Selbst diese kleinen Verbesserungen für die Textilarbeiterinnen sind für manche Bekleidungshersteller schon Grund genug aus Bangladesch nach Myanmar ab zuwandern, wo nicht so viele Regularien gibt.

Zwar gibt es in Deutschland das "Bündnis für nachhaltige Textilien" in Zukunft mit dem "grünen Knopf" als Erkennungsmerkmal für "gute" Bekleidung. Die dort zusammengeschlossenen Hersteller, Gewerkschaften und NGOs bemühen sich für weniger Kinderarbeit, mehr Umweltschutz, gerechtere Löhne, Brandschutzabkommen, Arbeiterrechte, usw, aber das Bündnis ist ein rein freiwillige Veranstaltung, basierend auf Selbstverpflichtungserklärungen der Bekleidungshersteller. Es gibt keine Sanktionen und unabhängige Kontrollen vor Ort, und in den Firmen gibt es ganze Abteilungen, die wissen, wie man einen Nachhaltigkeitsbericht schreibt, so das er gut klingt. Nach meinem Sprachgefühl ist die Wikipediaseite zum Textilbündnis bereits in diesem Stil geschrieben.

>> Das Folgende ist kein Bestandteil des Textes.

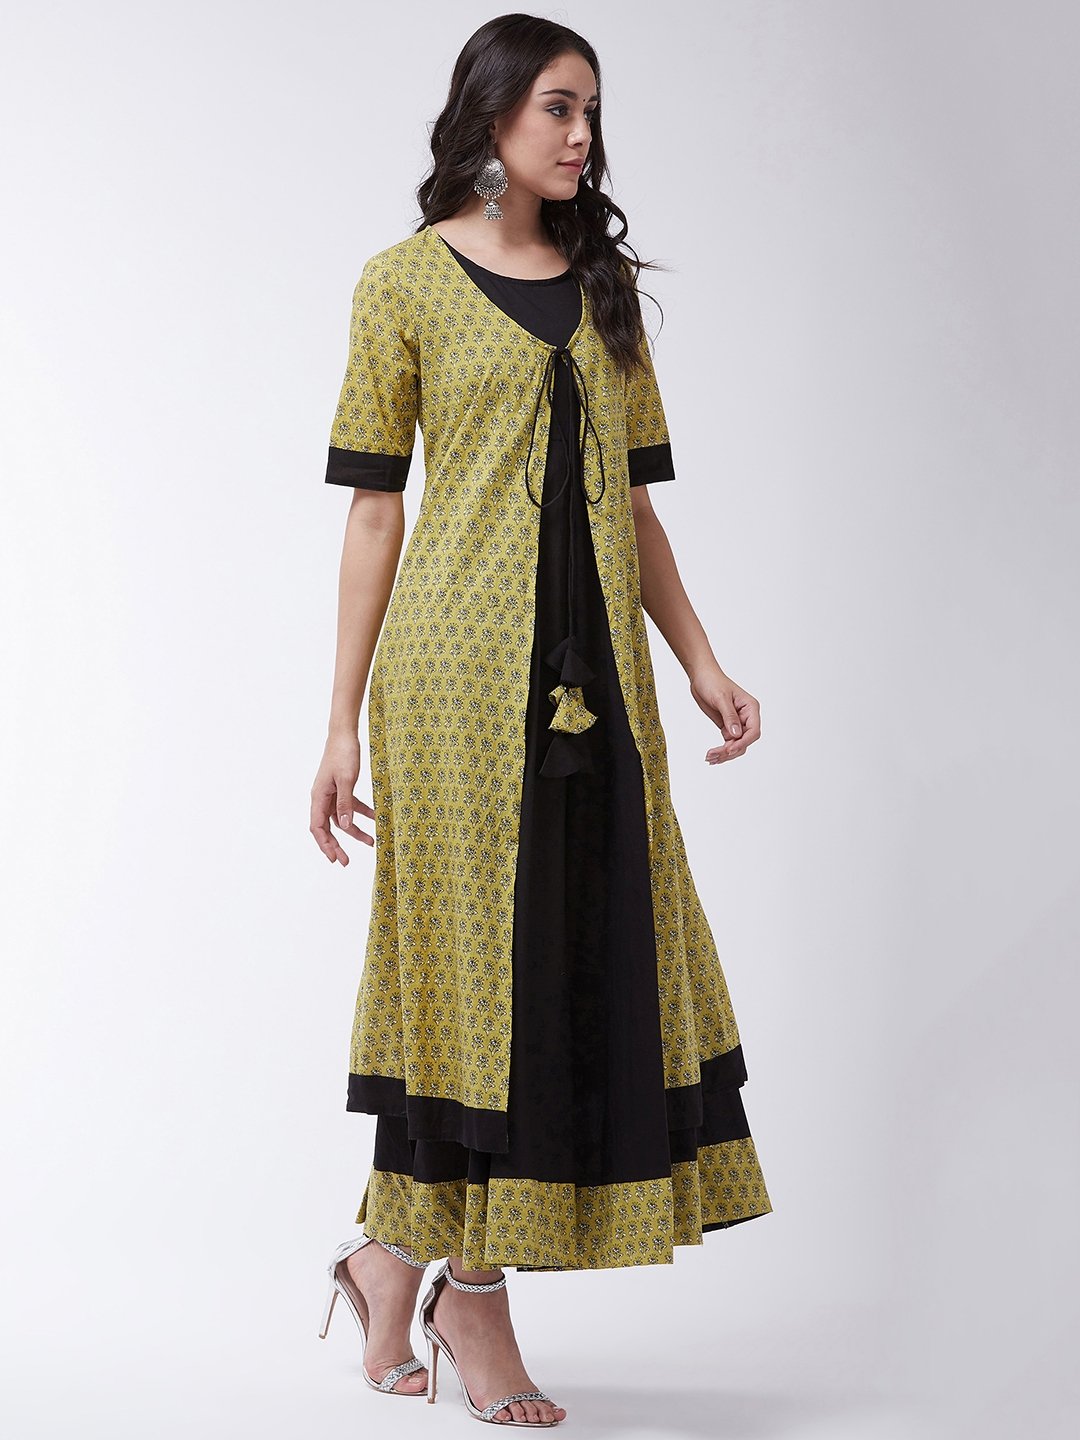 Black Anarkali Dress With Yellow Floral Print Jacket
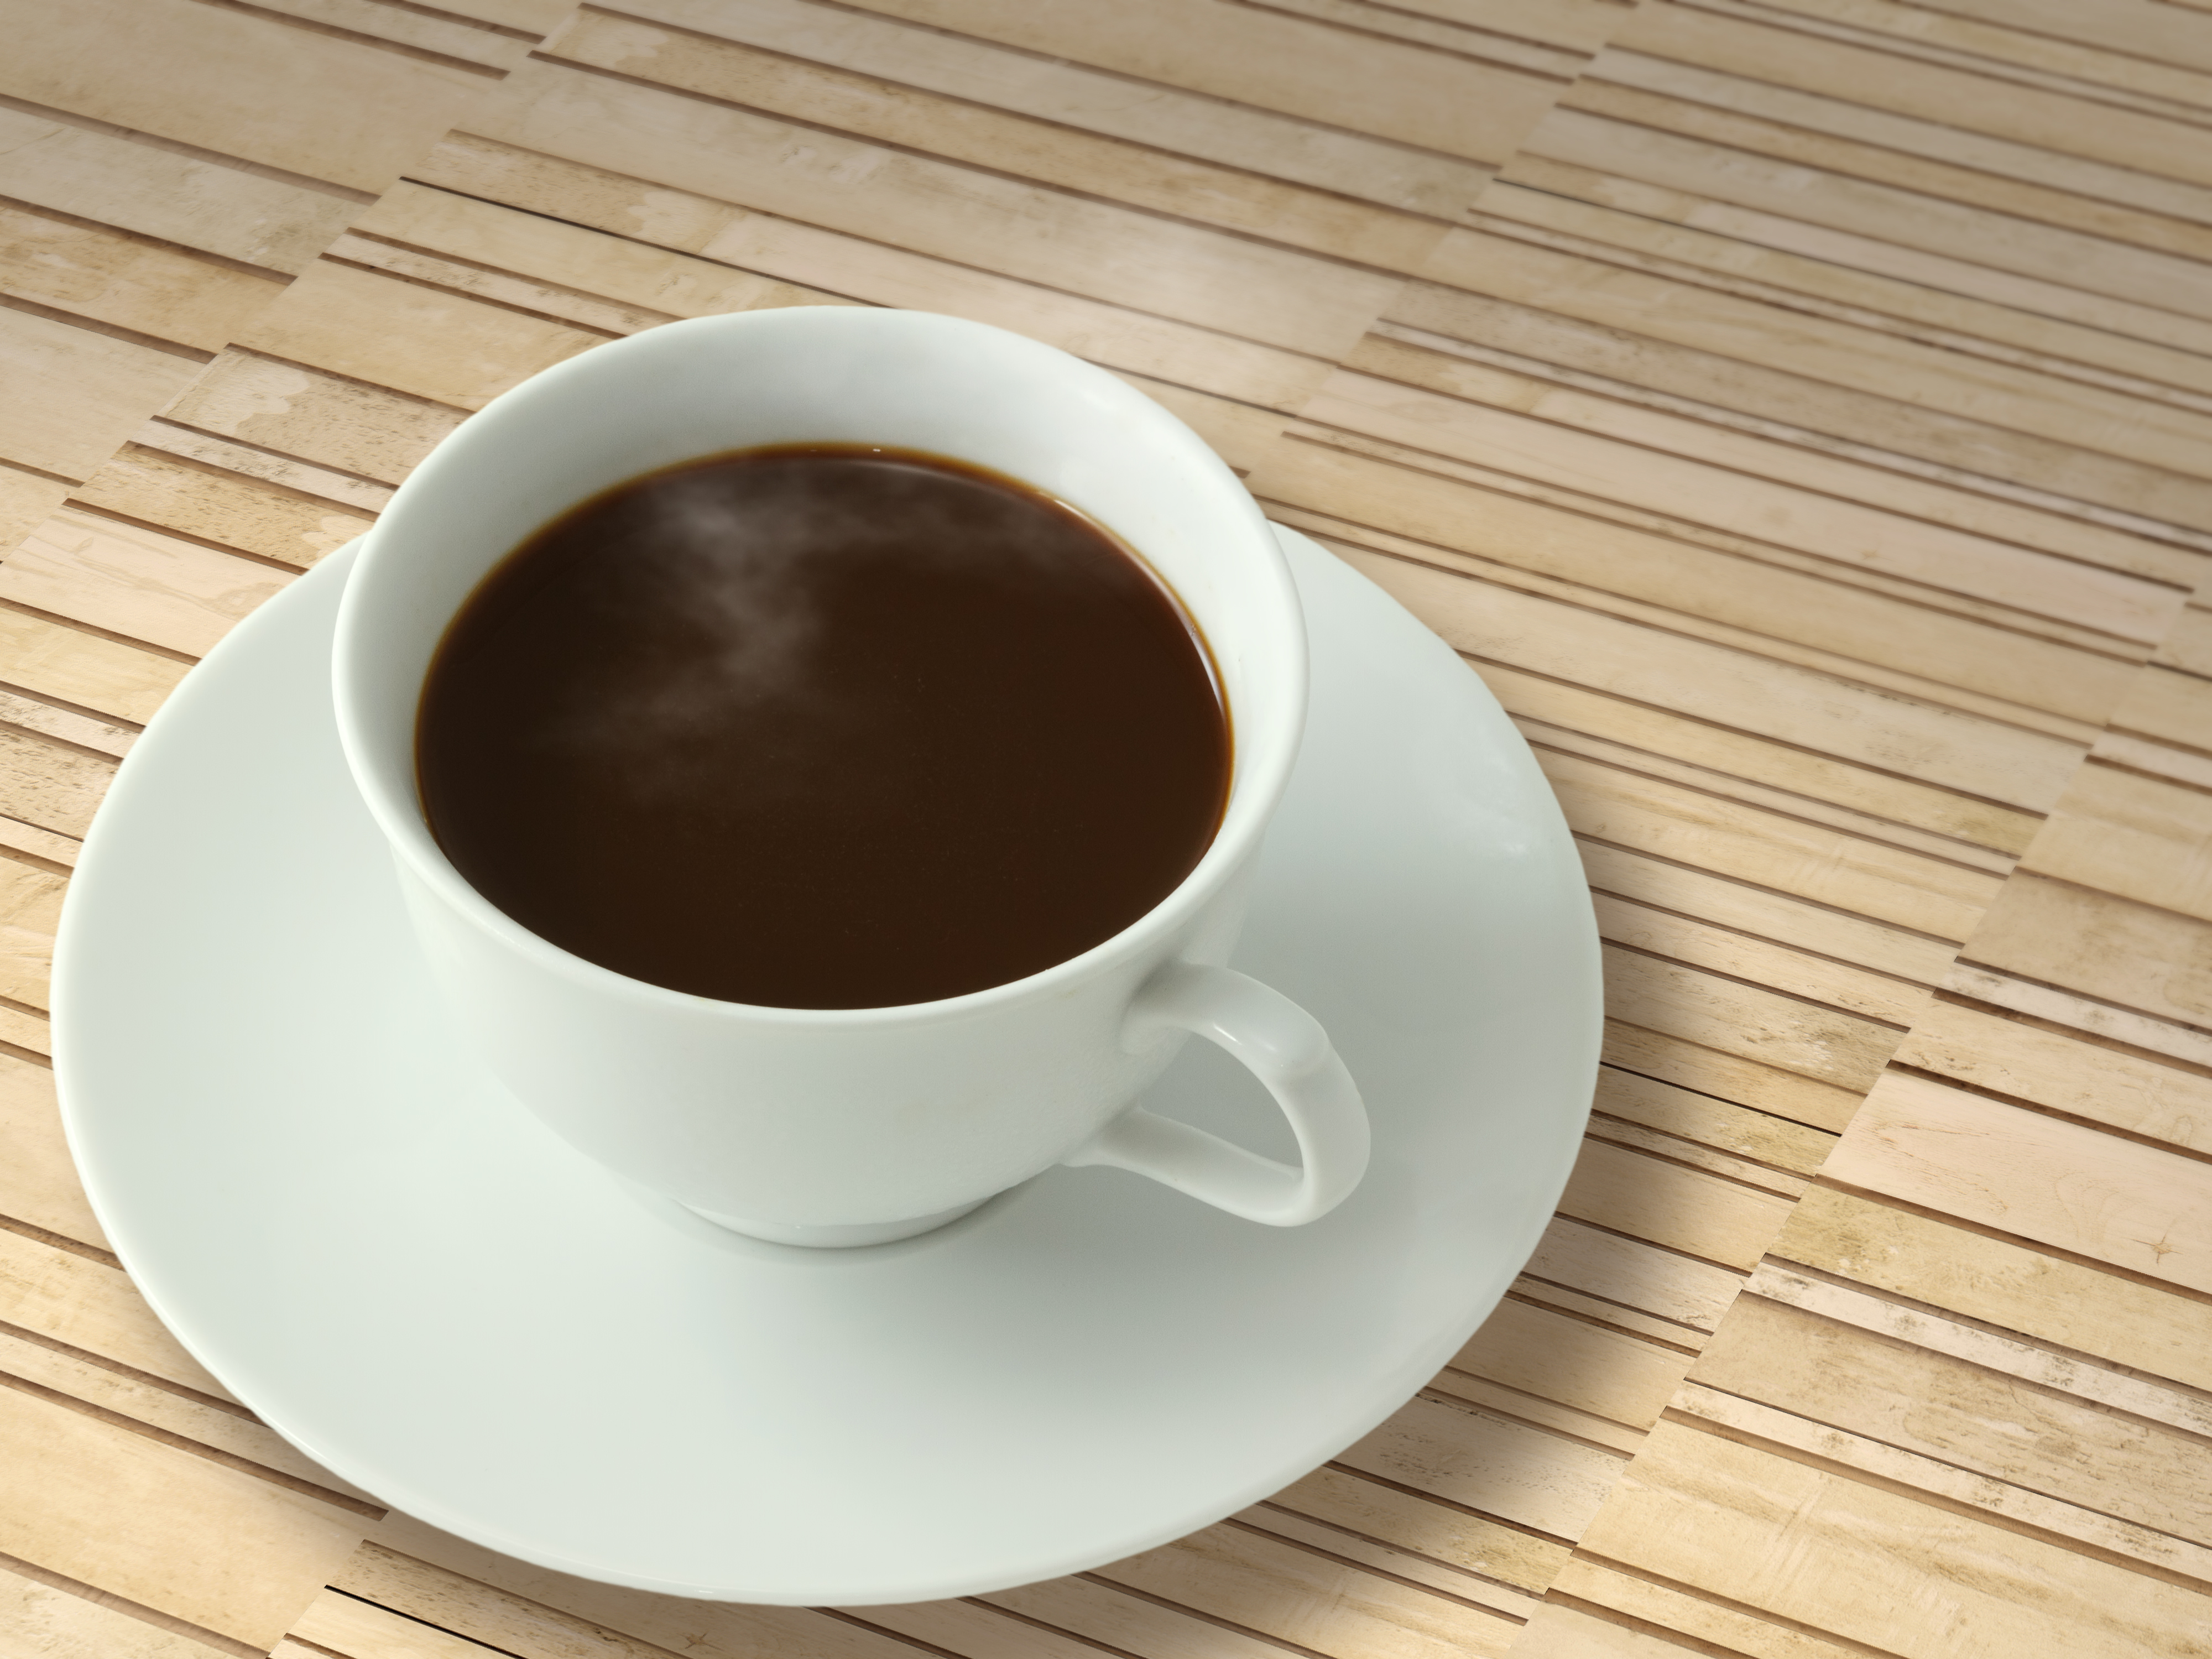 фото кофе в чашке на столе дома

Kathrin Hartmann, Journalistin und Buchautorin von "Die grüne Lüge. Weltrettung als profitables Geschäftsmodell" sagt dazu, dass die Politik nicht von uns verlangen soll, fair von unfair hergestellten Produkten zu unterscheiden und dann die fairen zu kaufen, sondern dass sie dafür sorgen soll, dass wir nur faire Produkte zur Auswahl habe!
Es geht ihr nicht um Bevormundung, sondern viel mehr um die Tatsache, dass uns als Verbraucher Sachen zum Kauf angeboten werden dürfen, die unter Menschenrechtsverletzungen hergestellt worden sind.

Ganz abgesehen davon: Der Marktanteil von fair und bio liegt vielleicht bei 1%. Das bekannteste und glaubwürdigste Siegel für fair und bio, nämlich G.O.T.S tragen nur 5 von 10000 Kleidungsstücken, das sind 5 Promille. Das heißt für mich, dass es den meisten Menschen leider völlig egal ist, wie, vom wem und unter welchen Bedingungen ihre Bekleidung hergestellt worden ist.

Wenn man aber nachhaltiger unterwegs sein will, gibt es nur eines: den Verbrauch von Bekleidung zu reduzieren, also die Sachen länger zu tragen, zu tauschen, zu reparieren und am Ende als Lappen zu verwenden. Alles andere ist nicht nachhaltig, egal was die Werbung der konventionellen Bekleidungshersteller sagt.